The importance of realistic dispersal models in conservation planning: application of a novel modelling platform to evaluate management scenarios in an Afrotropical biodiversity hotspot

Abstract

As biodiversity hotspots are often characterized by high human population densities, implementation of conservation management practices that focus only on the protection and enlargement of pristine habitats is potentially unrealistic. An alternative approach to curb species extinction risk involves improving connectivity among existing habitat patches. However, evaluation of spatially explicit management strategies is challenging, as predictive models must account for the process of dispersal, which is difficult in terms of both empirical data collection and modelling.Here, we use a novel, individual-based modelling platform that couples demographic and mechanistic dispersal models to evaluate the effectiveness of realistic management scenarios tailored to conserve forest birds in a highly fragmented biodiversity hotspot. Scenario performance is evaluated based on the spatial population dynamics of a well-studied forest bird species.The largest population increase was predicted to occur under scenarios increasing habitat area. However, the effectiveness was sensitive to spatial planning. Compared to adding one large patch to the habitat network, adding several small patches yielded mixed benefits: although overall population sizes increased, specific newly created patches acted as dispersal sinks, which compromised population persistence in some existing patches. Increasing matrix connectivity by the creation of stepping stones is likely to result in enhanced dispersal success and occupancy of smaller patches. Synthesis and applications. We show that the effectiveness of spatial management is strongly driven by patterns of individual dispersal across landscapes. For species conservation planning, we advocate the use of models that incorporate adequate realism in demography and, particularly, in dispersal behaviours.

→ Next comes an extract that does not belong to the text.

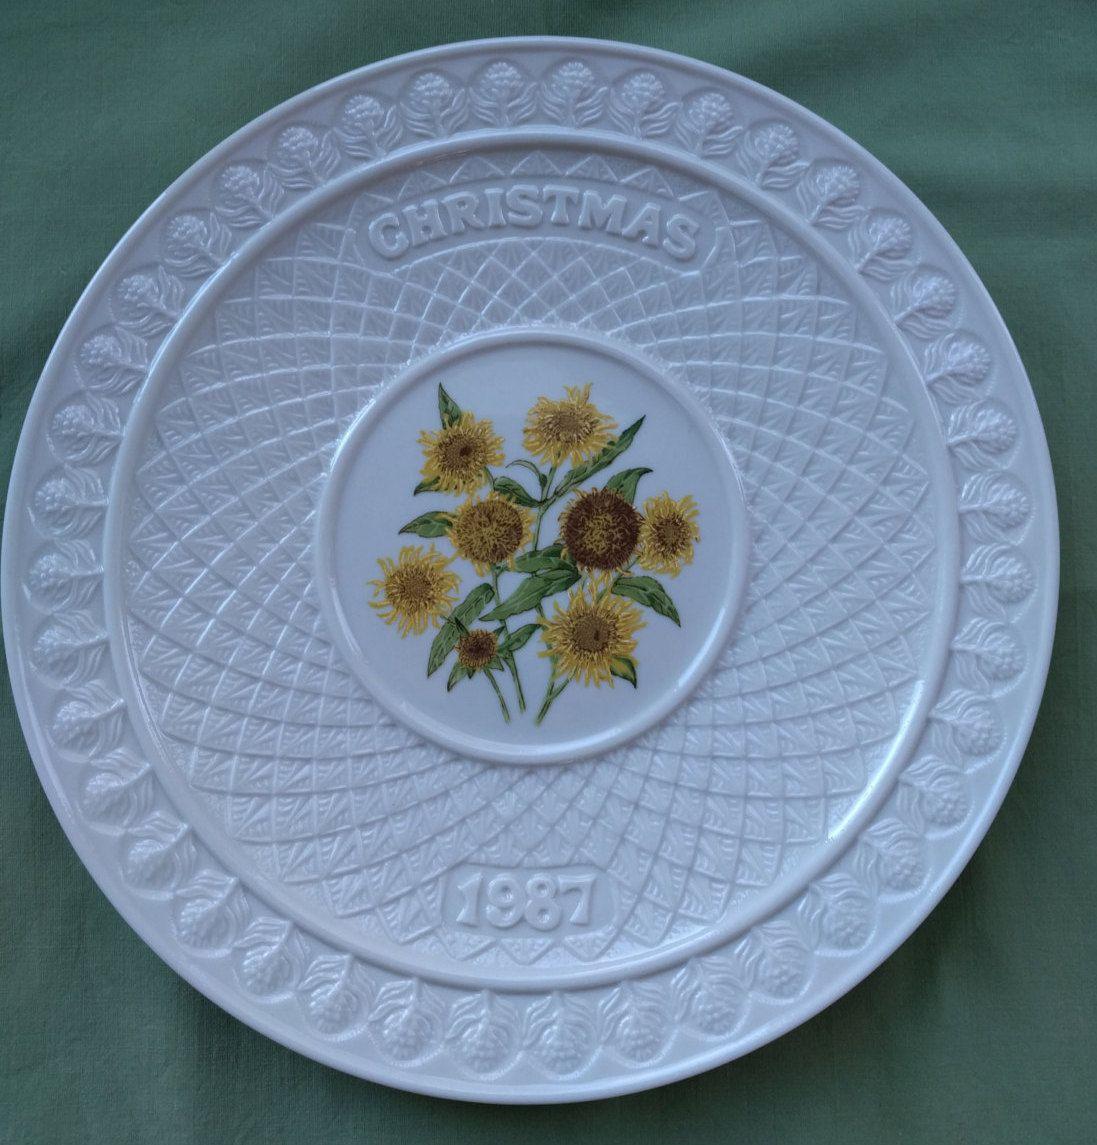 Irish Belleek Christmas Plate Vintage Porcelain Collectible 7th Mark Gold 1987 Sunflowers Christmas Plates Belleek Plates

Keywords: Eastern Arc Mountains; Phyllastrephus cabanisi; RangeShifter; SEPM; connectivity; conservation planning; demography; dispersal; fragmentation; habitat network.

Figure 1

Location of forest fragments and exotic plantations which were converted to habitat patches under scenarios EXOTIC‐S (1 [MB], 2 [SU], 3 [WM], 4 [WR]) and EXOTIC‐L (5 [YA]). For clarity, we show relatively permeable matrix land‐cover types (indigenous forest, exotic plantation, agroforestry and bush) in grey and less permeable types in white (agricultural fields) (see Fig. S1 for a colour map). The transparent zones connecting patches indicate corridors used for the creation of stepping stones under scenario MATRIX‐C. The total area considered for the simulations was 145·6 km² (dark grey in lower inset). Map of EAM modified from Platts et al. (2011).

Figure 2

Percentage change in mean projected population size relative to the baseline under five management scenarios: habitat restoration of degraded forest patches (RESTORE), creating stepping stones in the matrix randomly (MATRIX‐R) or within corridors connecting patches (MATRIX‐C), and converting exotic plantations to forest habitat of either several small patches (EXOTIC‐S) or one large patch (EXOTIC‐L).

Figure 3

Mean dispersal success (proportion of emigrants successfully settling in a non‐natal patch) in each scenario relative to that of the baseline scenario (i.e. 0·232).

Figure 4

Mean yearly immigration rates and probabilities of patch occupancy for each patch under five management scenarios relative to the baseline scenario (see Table S1). Only patches considered in every simulation are shown.

Figure 5

Mean yearly immigration rates for each patch under six scenarios (A [baseline], B [RESTORE], C [MATRIX‐R], D [MATRIX‐C], E [EXOTIC‐S], F [EXOTIC‐L]) and for the four patches converted under the EXOTIC‐S scenario (1 [MB], 2 [SU], 3 [WM], 4 [WR]). Each bar depicts the mean number of immigrants per year originating from a large patch (CH or NG), from one of the smaller existing patches and from a converted plantation.

Figure 6

Mean yearly population sizes predicted for the newly created habitat patches under the EXOTIC‐S (a) and EXOTIC‐L (b) scenarios. The dashed line represents the population size expected for each patch assuming that converted plantations can support populations at a density of 1·09 individuals per ha (i.e. the estimated current density in low‐quality forest patches).